Глава 26. Чёрно-белые контрасты

Рияд Рязанов
   Я с наслаждением вытянулся на диване, подложив под свою голову пухлого бамбукового медведя, когда-то, наверное, выполнявшего роль лучшего друга маленькой Арсинои. От него пахло пылью и солнцем - запахами детства.

   Я закрыл глаза и стал думать о скором отъезде Вероники, о том, что мы скоро останемся с Пафнутием вдвоём, без женского тёплого и требовательного присутствия, и никто не будет тыкать нас носом в случившийся по необходимости производственный мусор. Такая перспектива должна были радовать, но радости не ощущалось. А вдруг она вообще не вернётся?

   Впрочем и грустить как-то особенно не получалось, то ли вследствие восхитительного обеда, то ли по причине природного легкомыслия. Что будет, то и будет, решил я. Возвращаться из самого благополучного города страны в сибирское захолустье и жить целую зиму с двумя бирюками под одной крышей, конечно, было абсолютно неразумно по современным господствующим понятиям о счастливой жизни. Ну а коли вернётся, честь ей и хвала! Мы будем любить её пуще прежнего.

   Успокоенный таким выводом и осознанием собственной мудрости, я задремал.

   Разбудил меня Алексей Иванович. По выражению его лица было ясно, что Наташины простодушно-хитроумные экзерсисы по его охмурению завершились удачно, и он крепко сел на крючок.

   Я был рад за обоих и решил, что их надо поженить. В этом был свой резон и выгода для меня. Хорошо иметь друга, у которого хорошая жена и которая хорошо к тебе относится. К такому приятно прийти в гости, отдохнуть душой и уйти сытым.

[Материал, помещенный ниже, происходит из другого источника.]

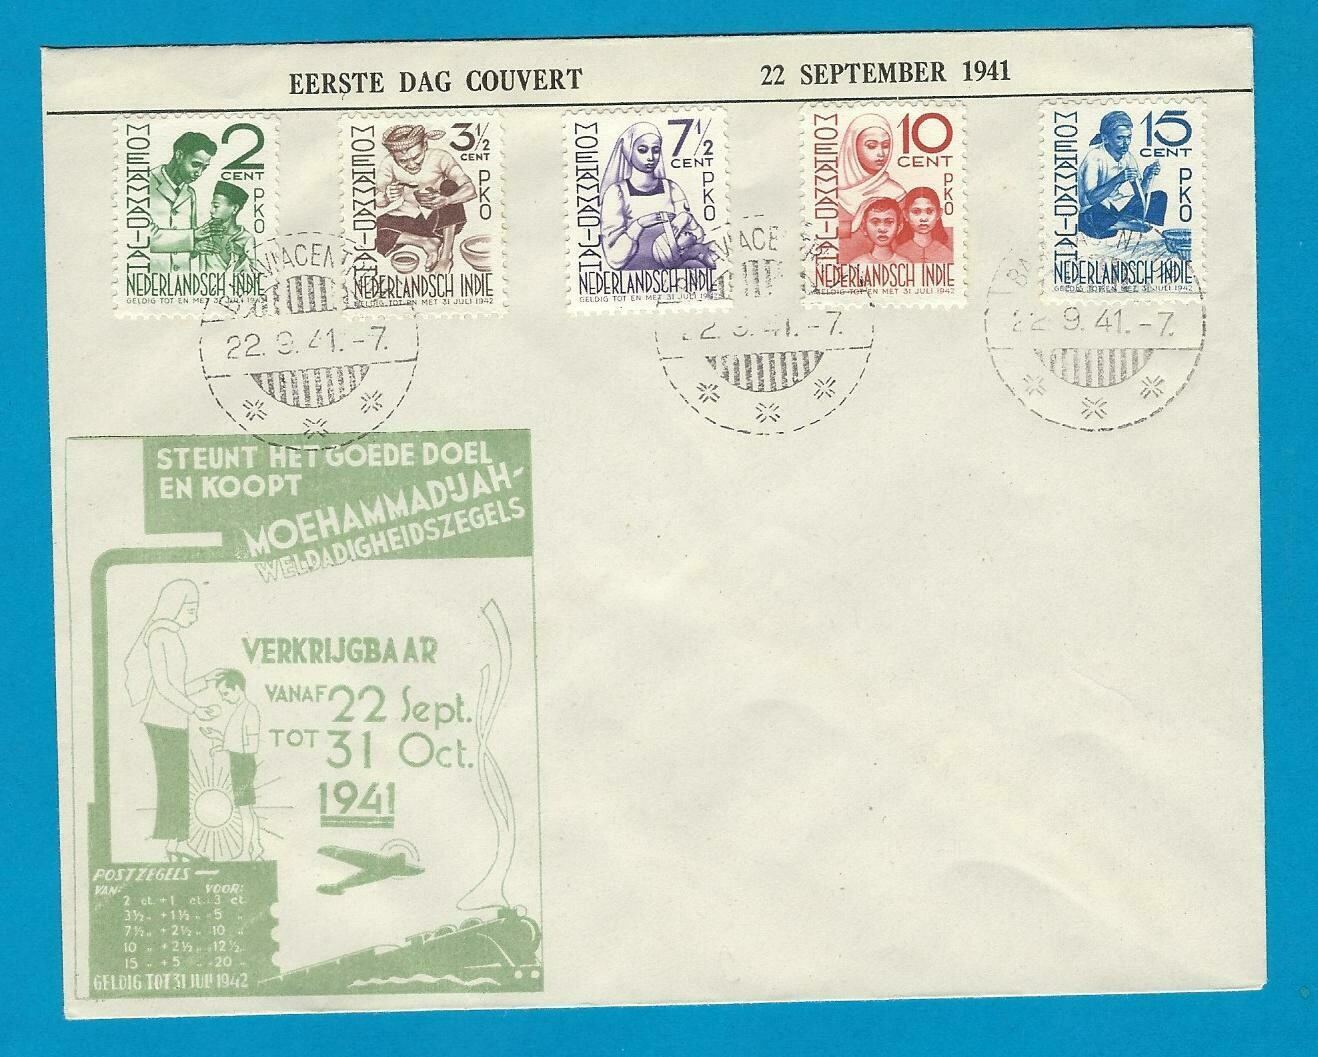 NETHERLANDS EAST INDIES 1941 Moehammadijah FDC

   В атмосфере хорошего настроения мы продолжили свою работу и закончили кровлю за два текущих дня - не без помощи Наташи и Андрея, которому мы пообещали помочь покрыть крышу будущим летом.
   
   Вечера, как и прежде, проводили в нашем уютном кабинете, но уже при свечах. Как я понял, это была инициатива Вероники, которой, как хозяйке литературного салона, захотелось привнести необходимые акцентирующие эффекты, руководствуясь собственным чутьём. Теперь она больше думала о том, чтобы обеспечить присутствующих необходимым комфортом, молча приносила на подносе печенье и чай, и собственноручно разливала его из красивого фарфорового чайника, специально купленного для этой цели.

   На посту № 1 Веронику заменил Алексей Иванович, обладавший ровным и приятным голосом проповедника. Он не лишал себя удовольствия время от времени давать пояснения о читаемых событиях с точки зрения божьего промысла. Комментарии его имели эффект - содержание книги как-бы расширялось и углублялось.

   Владимир Владимирович был весьма доволен нашим установившимся образом жизни, проникнутым созидательным трудом, культурным досугом без отупляющего телевизора и тесным общением с природой. Он не раз, то ли в шутку, то ли всерьёз высказывал желание остаться с нами навсегда, если бы не оставшаяся в Москве больная супруга. Уже на прощание, в аэропорту, он долго держал мою руку в своей и настоятельно просил приехать в гости, как только я закончу свою работу в посёлке. Рядом стояла Вероника и молчала. Если бы она поддержала просьбу отца, я бы ни секунды немедля дал железное обещание непременно приехать. Но она молчала, и я уклончиво ответил, что вряд ли скоро освобожусь, потому что много дел и по обустройству собственного жилища. На этом мы и расстались.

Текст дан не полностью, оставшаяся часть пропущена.